Israel’s military stirred up a storm by participating in a military parade Sunday to celebrate the Croatian victory in a battle against Serbia, The Times of Israel has learned.
The fact that Israeli fighter jets and their pilots actively took part in a parade to celebrate the 1995 “Operation Storm,” which killed hundreds and displaced hundreds of thousands, triggered harsh criticism from Belgrade.
“Serbia is deeply disappointed about the participation of Israeli pilots and fighter jets today, because for us Operation Storm in 1995 was a kind of pogrom,” the country’s ambassador to Israel, Milutin Stanojevic, told The Times of Israel on Sunday morning.
Almost the entire Serb population of the area was removed from their homes by military force during the operation.
“It was the biggest exodus of a nation since the Second World War,” Stanojevic said, adding that Israel’s participation in Croatia’s victory celebration “is not a friendly gesture toward Serbia.”
On Sunday, Croatian media showed photos of at least two Israeli F-16s flying over the city of Knin, between Zagreb and Split, together with Croatian MiG-21s.
According to a Croatian website, Brigadier General (Ret.) Mishel Ben Baruch, who heads the defense ministry’s International Defense Cooperation Directorate, said it was “an honor to be able to participate” in the 23rd anniversary of Operation Storm.

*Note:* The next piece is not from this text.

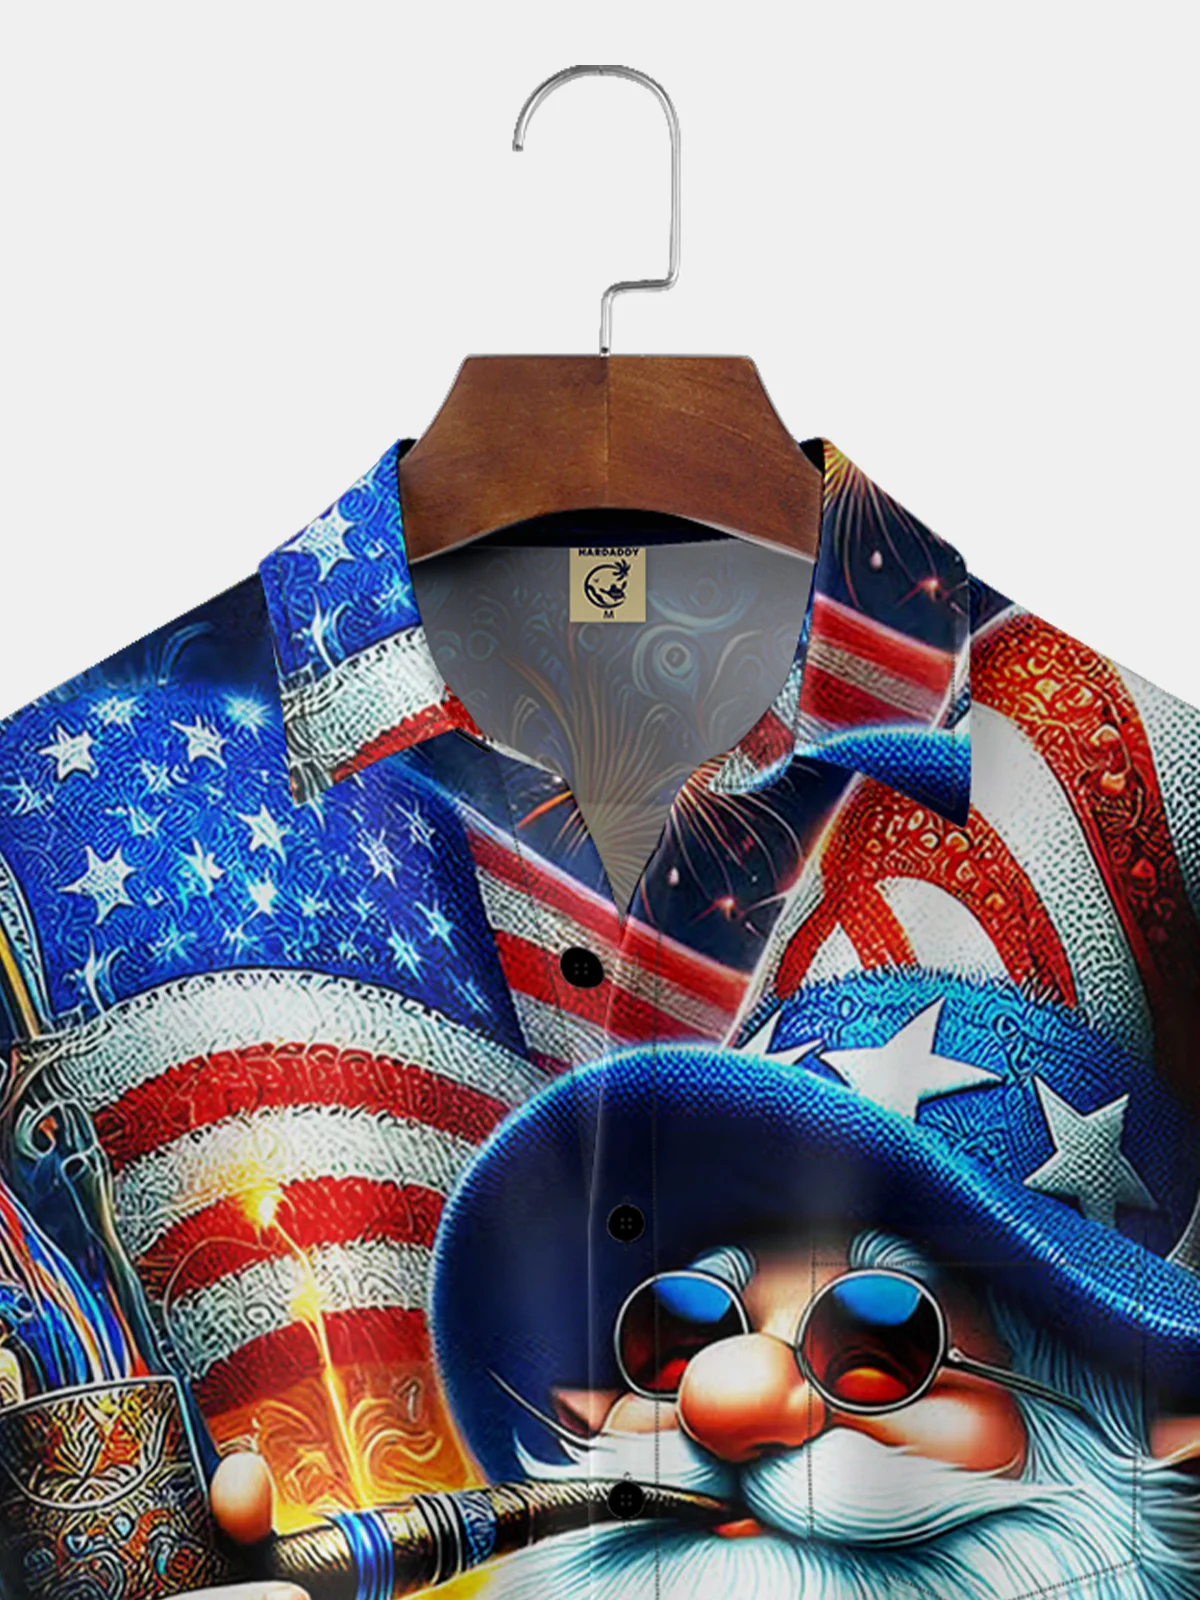 Moisture-wicking American Flag Gnome Chest Pocket Hawaiian Shirt

Israel is the first foreign country to actively participate in Croatia’s annual parade to celebrate Operation Storm, the ambassador said.
However, Croatian media reported Sunday that US officials also attended this year’s celebration of Victory and Homeland Thanksgiving Day and Veterans Day at Knin.
“For the Croatian side, maybe these are days of triumph, but for the Serbian side these are days of mourning,” Stanojevic added. “We mourn the exodus. More than 2,500 people died. The resting place of many is not known. More than 250,000 people fled Croatia, mostly civilians. This is not the time or the place where another country should be involved.”
The exact number of the dead and displaced is a matter of dispute.
While Croatia hailed the offensive as a flawless military victory that reunited the country’s territory and ended the war, Serbia mourned the victims of the attack. Serbian President Aleksandar Vucic told a gathering late Saturday that “Hitler wanted a world without Jews; Croatia and its policy wanted a Croatia without Serbs.”
The participation of three Israeli F-16 Barak jets is taking place against a backdrop of Israeli-Croatian arms deals worth half a billion dollars. In January, Prime Minister Benjamin Netanyahu and Croatian Prime Minister Andrej Plenkovic announced their plans to move forward with the sale of about 30 Israeli F-16s to Croatia.
The deal is expected to be completed by 2020.
The Foreign Ministry in Jerusalem declined to comment.
The IDF defended its participation in the event, saying in a statement that the jets were deployed in Croatia as part of a military cooperation arrangement, and that participating in the event was part of that “strategic cooperation between both countries.” The statement also noted the impending Israeli-Croatian arms deal.
President Reuven Rivlin visited both Zagreb and Belgrade last week, stressing Israel’s good ties with both nations.
“Croatia and Israel are small countries but full of energy,” he said at a July 24 defense conference in Zagreb, according to the website of Croatia’s defense ministry.
“We wish to continue developing defense industry and this is the right opportunity to see the state-of-the-art technology offered by our country,” he added.
Croatian Defense Minister Damir Krstičević said at the conference that Croatia and Israel “share similar experiences of hard-won independence and are therefore aware of the importance of maintaining the readiness of the national states for new security threats.”
The Associated Press contributed to this report.